Most of the stories about city people coming back to the country are about conflict. The newcomer does not fit and the locals want him gone. This story is the opposite.
The returning city boy only wants to sell his deceased grandfather’s land and return to the city. The locals will have none of it. The land on the Danube at the Romania-Ukraine border within a stone’s throw of the Black Sea is more than real estate to them. It is the last thread that holds their survival. The man who would not be king is being told he has no choice. As shady activities unfold and his true legacy is disclosed he finds himself drawn in and repulsed at the same time a lethal battle unfolds.
Modern times have come to the area after generations of what the world would see as tribal warfare. The days are gone when simple courage and loyalty carried the day.
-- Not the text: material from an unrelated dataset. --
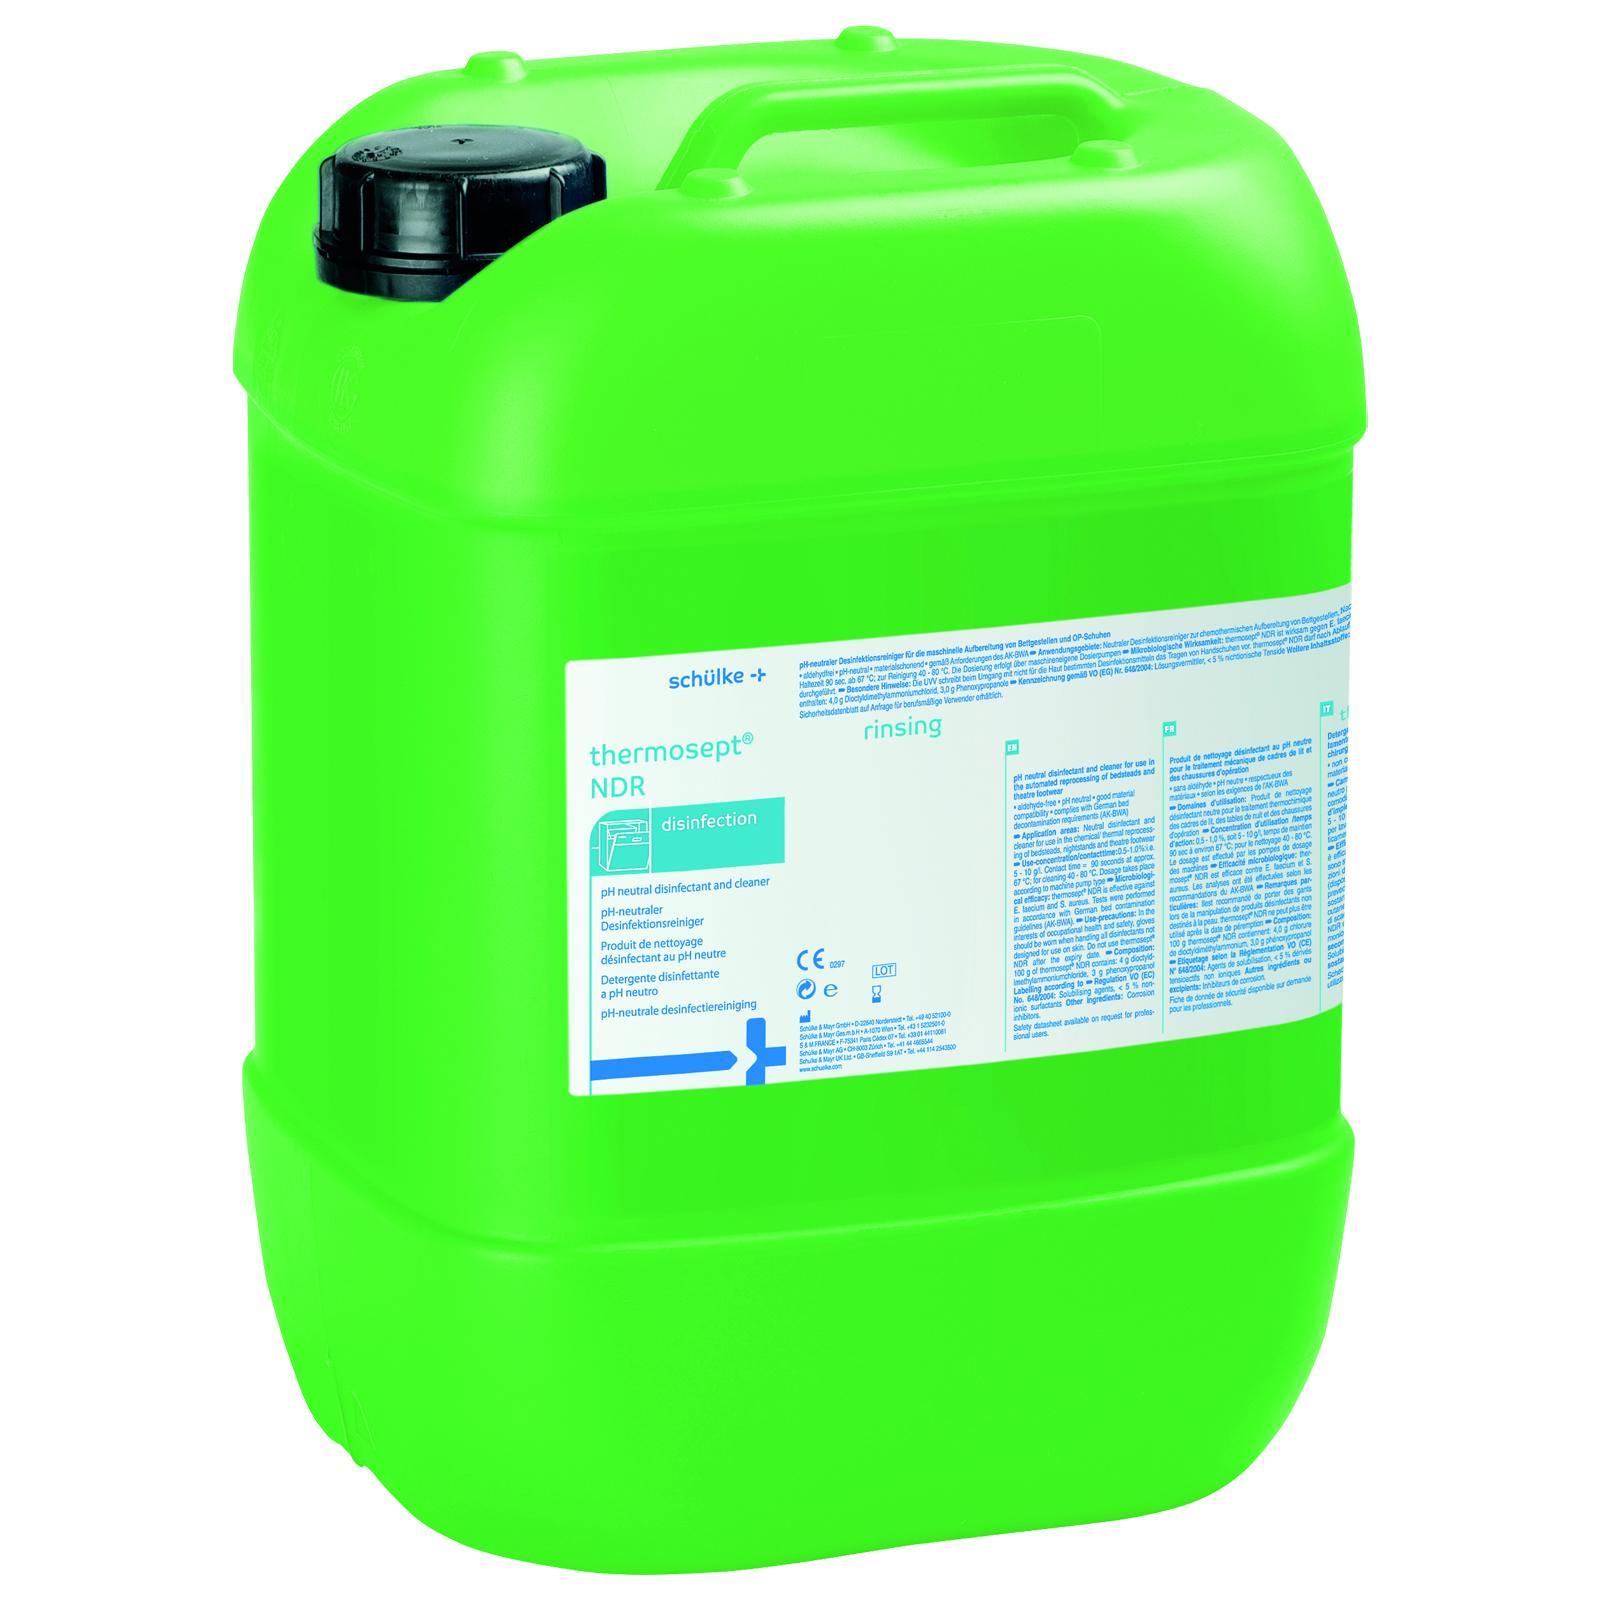 thermosept NDR -D- 20 Liter Instrumentendesinfektion

Technology and the world community are poking their fingers into the subtle order that governs the harsh prairie wilderness. Samir (a stunning performance by Vlad Ivanov) has taken over from Roman’s (Dragos Bucur) grandfather. Samir’s lifetime relationship with the local police chief Hogas (a solidly understated Gheorghe Visu) is falling apart as the chief is dying of TB and underlings are challenging Samir.
This is no country for old men and these two are old as the hills. Writer/director Bogdan Mirica shows a nearly miraculous capability in his debut feature film, anchored by Ivanov’s rifle shot work honed through six Romanian Gopo award nominations, five of which he won. Mirica has captured the essence of the American “No Country For Old Men,” bringing Cormac McCarthy’s longing for, and terror of, life on the plains back with explosive energy.
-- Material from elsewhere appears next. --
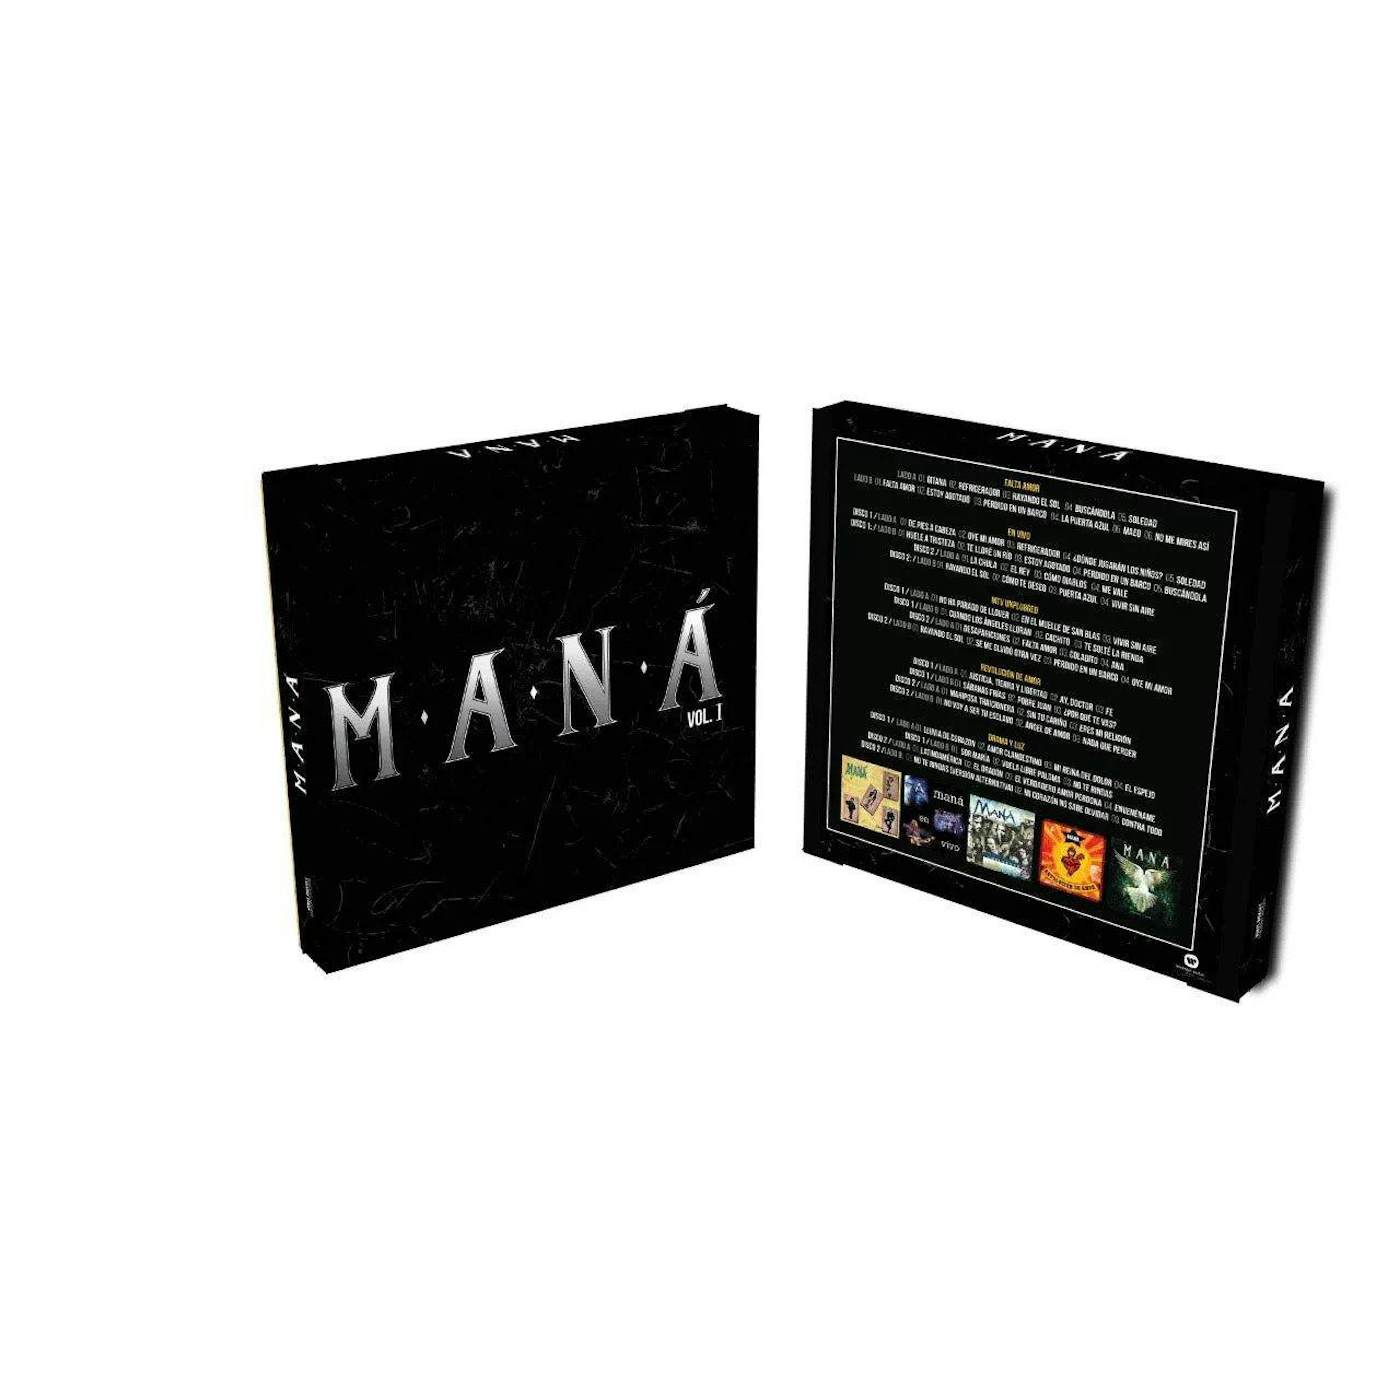  Maná Remastered Vol. 1 (Box Set) Vinyl Record

This success would be impossible if not for the cinematography of Andrei Butica. He alternates the ground level dog’s POV with sweeping vistas of innocent yet ruthless prairie. The people change but the land does not. There are no resources here, no oil or minerals and the people have hung on in dire poverty for hundreds of years. Yet they have pride, they are the masters compared to city folk who march in step and, as Samir puts it, wait like dogs for the green light so they can walk.
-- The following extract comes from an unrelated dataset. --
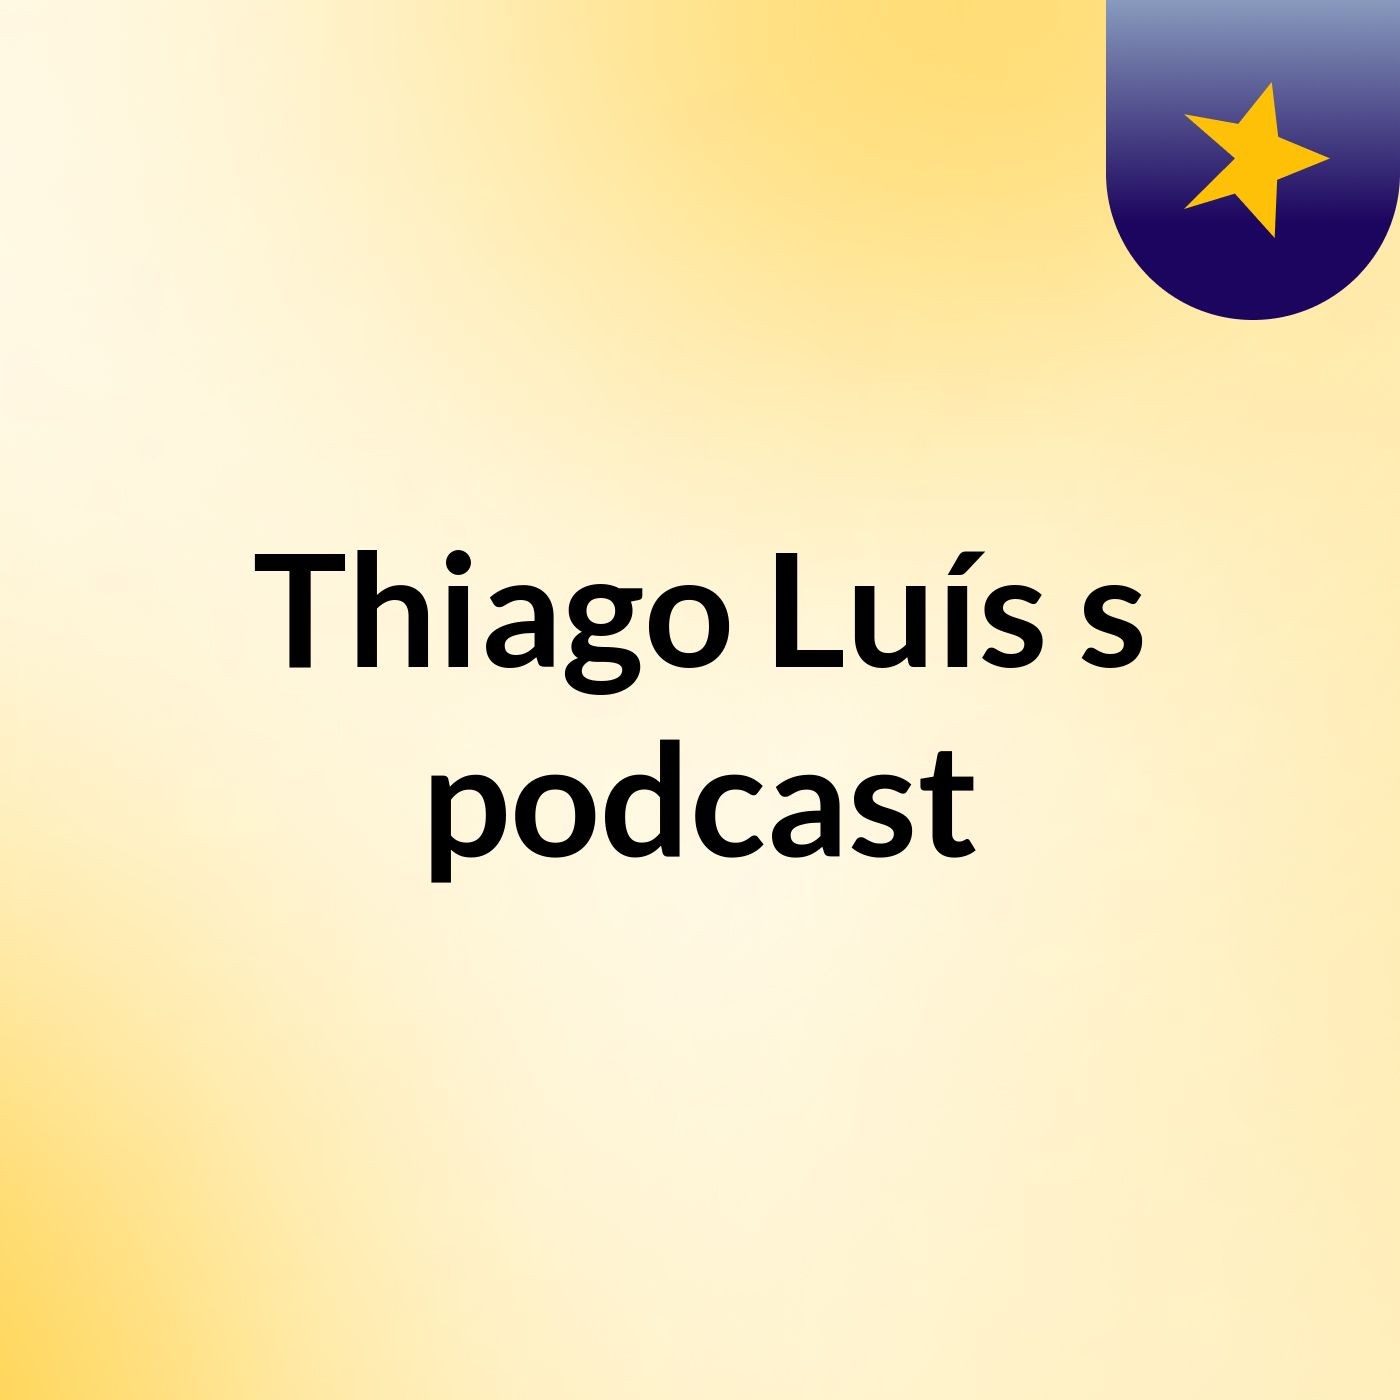 Thiago Luís's podcast

Dark shots of thundering SUVs, their lights flaming in the barren pitch black darkness, alternate with daylight full body shots as the three lead characters walk to their final meeting. Every frame is well-composed and balanced, the men’s actions inferred as much as they are displayed. When violence is displayed it is as void of judgement as it is explicit in detail. Hopelessness and dread follow every footstep as vultures hover over head. Roman’s lover leaves to return to the city.
Simple on the surface, this elegant film understates itself all the way, letting the penetrating stare of Samir and the hunched world-weary wisdom of Hogas tell the story. A nearly silent soundtrack underlines the inscrutability of the land men die for. Even the German Shepard that comes with the house has its own agenda. Every dog has its day.